In France all our propaganda must lead up to the central theme of the defence of France and the magnitude of the contribution which we are making to it. In order not to seem patronising and condescending (a serious pitfall), we must emphasise that French security and our own are identical. To make British achievements and British ways of thought known in France is important. It is still more important to show readiness in this country to understand and appreciate French achievements and French ways of thought. The menace of a Germany of 100,000,000 people rather than the menace of Hitlerism should be a leitmotif of our propaganda. Generalisations about a future European order (or still more, a future world order) are dangerous unless it is made clear that we do not envisage German participation in that new order on terms which would not provide adequate guarantees for French security.

The Small Western Neutrals (Sweden, Norway, Denmark, Holland, Belgium, Switzerland.)

In these countries, we have to deal with a population which is not only intelligent, educated and in enjoyment of a high standard of living, but is also exposed to the full blast of German propaganda and to the pressure of Germany's military strength. Our task is therefore an exacting one. Neither boastfulness nor vituperation will help us here. We can and should insist on our military strength; but we must back our insistence by the concrete evidence of facts and figures. We must be somewhat reticent about our economic strength (though we can advertise the economic weakness of Germany). The blockade is a sore point in all these countries; and anything that sounds like a threat of economic pressure, or a boast of its efficacy, is ill received. We must strongly stress the common character of our interests (the independence of small nations) and of the values for which we stand (democracy, freedom of opinion, social services, industrial legislation, etc.) All these are countries with which we normally have important trade relations; and all except Switzerland are sea-faring nations. This community of interest will suggest many themes of propaganda. Our object must be to drive home the lesson that the danger to their way of life and to their very existence which would result from a German victory outweighs the minor inconveniences and annoyances of the British blockade.

On the other hand, all these countries (except Belgium) were neutral in the last war and are free - or have been until recently - from any marked anti-German bias. Most of them are more or less strongly impregnated with German culture and have turned to Germany at any rate for their technical education. They have a certain traditional mistrust of France, which, though at present latent, will revive with the defeat of Germany. They are all, for one reason or another, strongly anti-Bolshevik; and it is therefore useful to insist on the present complicity between the Nazi and Soviet regimes. But are they susceptible to the argument that the collapse of Germany following a complete military defeat would expose Western Europe to the Russian menace.
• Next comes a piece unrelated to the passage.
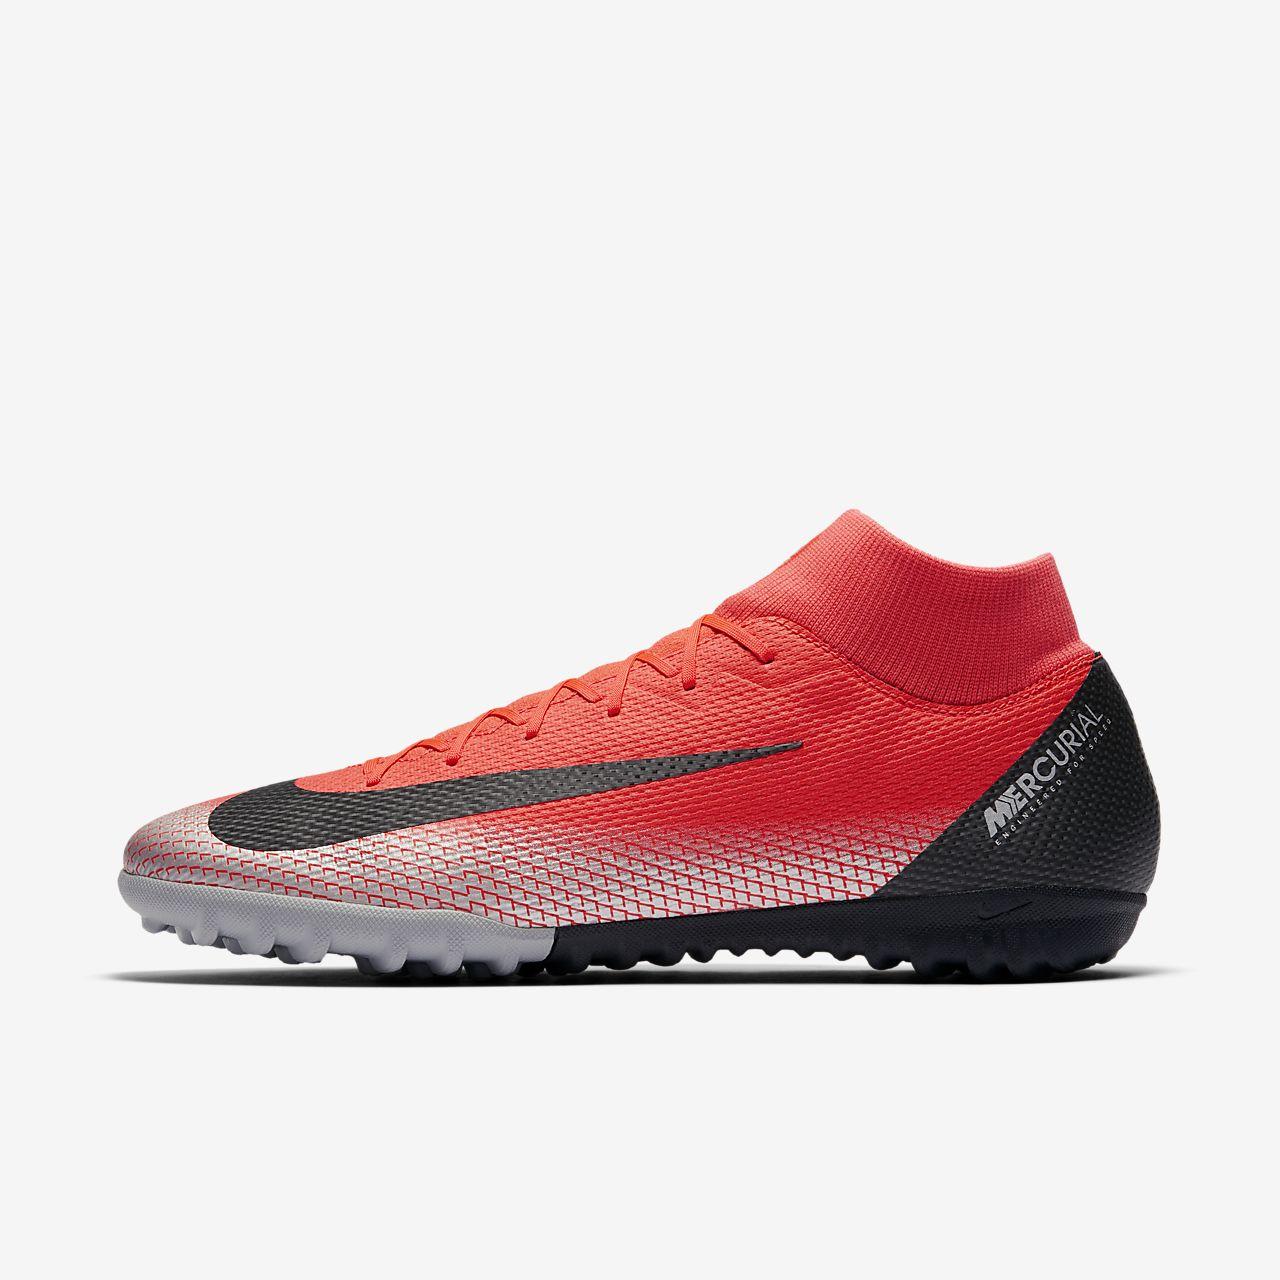 san francisco 44d99 ca8f0 ... Calzado de fútbol para pasto artificial Nike SuperflyX 6 Academy TF
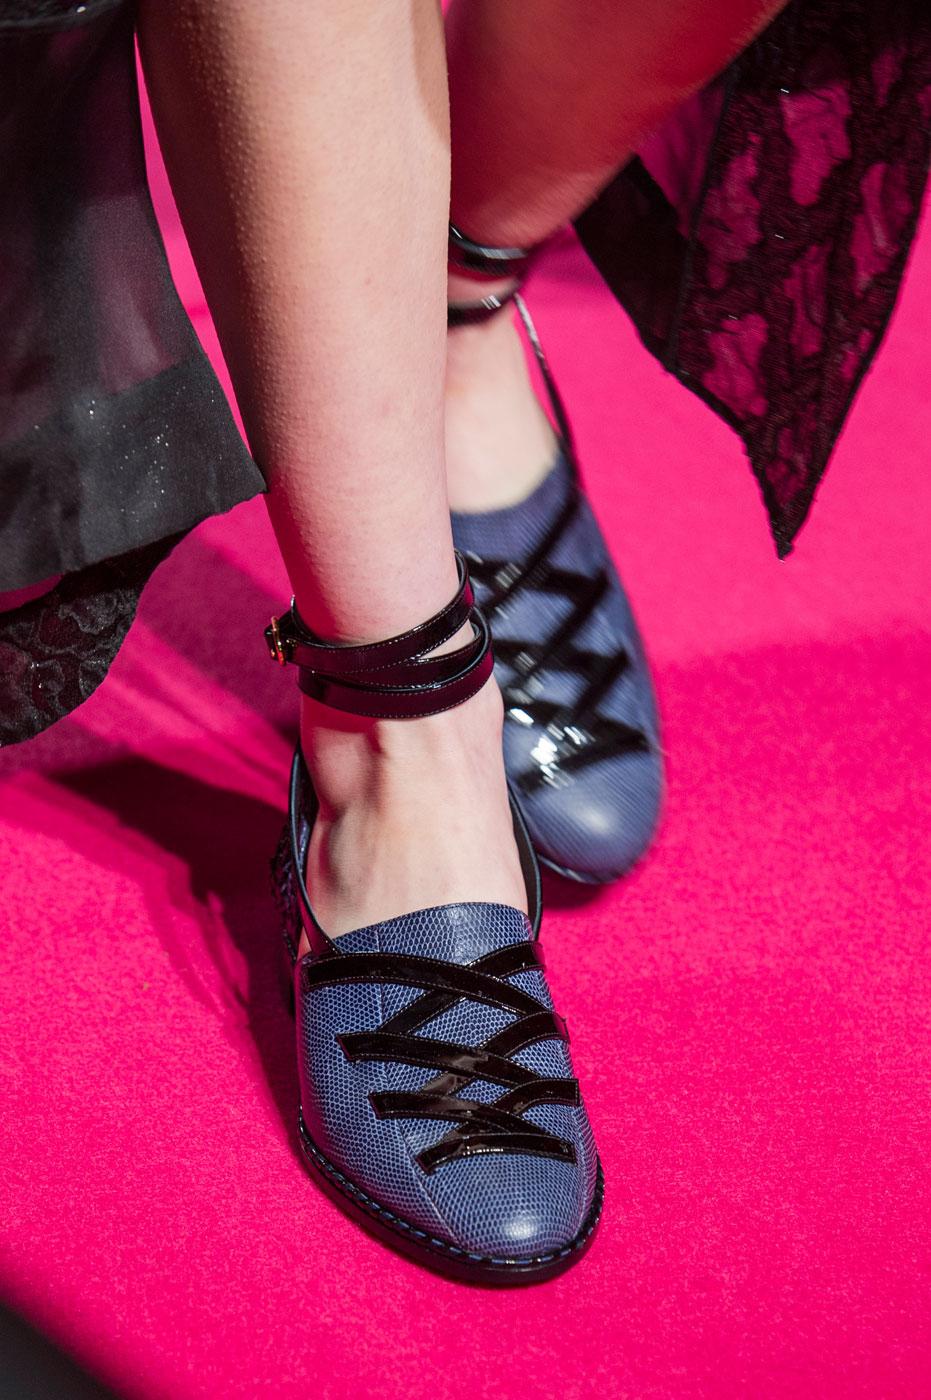 Schiaparelli-fashion-runway-show-close-ups-haute-couture-paris-spring-summer-2015-the-impression-54

It may therefore be undesirable to let it be thought that our aim is to break up Germany; and (Belgium being once more the exception) the theme that we are fighting Hitlerism rather than the German people is still the most acceptable line in these countries.

Finally, nothing should be said to suggest that we are seeking to bring them into the war on our side. Any such suggestion creates resentment. We should emphasise that what we want from them is a friendly neutrality, and that we will help them to maintain it.

Italy

The problem of propaganda in Italy is complicated by the fact that the relation between public opinion and official policy is far less close than in democratic countries, and that the former is more favourable to the British Cause than the latter. Any intensive effort to make Italian public opinion more openly favourable to us would be of somewhat doubtful value, and might excite the resentment of the authorities. The same applies to any overt attempt to use the Catholic Church and its organs as a vehicle of propaganda in Italy.

Our propaganda must in these circumstances always be conducted with one eye on the Italian Government and the fascist leaders. The latter have unquestionably been impressed with the apparently invincible efficiency of Nazi Germany and have acquired a shade of contempt for the easy-going and pacific attitude of what Signor Mussolini calls the “pluto-democracies”. It is even more urgent to convince Italian official circles of the hollowness of German strength than of the hollowness of German friendship. We must show them that we are not less efficient than Germany for being less ruthless and less boastful. Nowhere is it more important to stress the earnestness of the British war effort. British military and economic strength must be continually driven home, but with a certain caution in the methods adopted for the purpose. Every Italian is prompt to resent the suggestion that Italy can be shut up in the Mediterranean by British naval strength, or that she is dependent for vital raw materials on the British command of the seas. The blockade is resented less perhaps for its concrete inconveniences than for the implication that Italy is at the mercy of Britain's military and economic power.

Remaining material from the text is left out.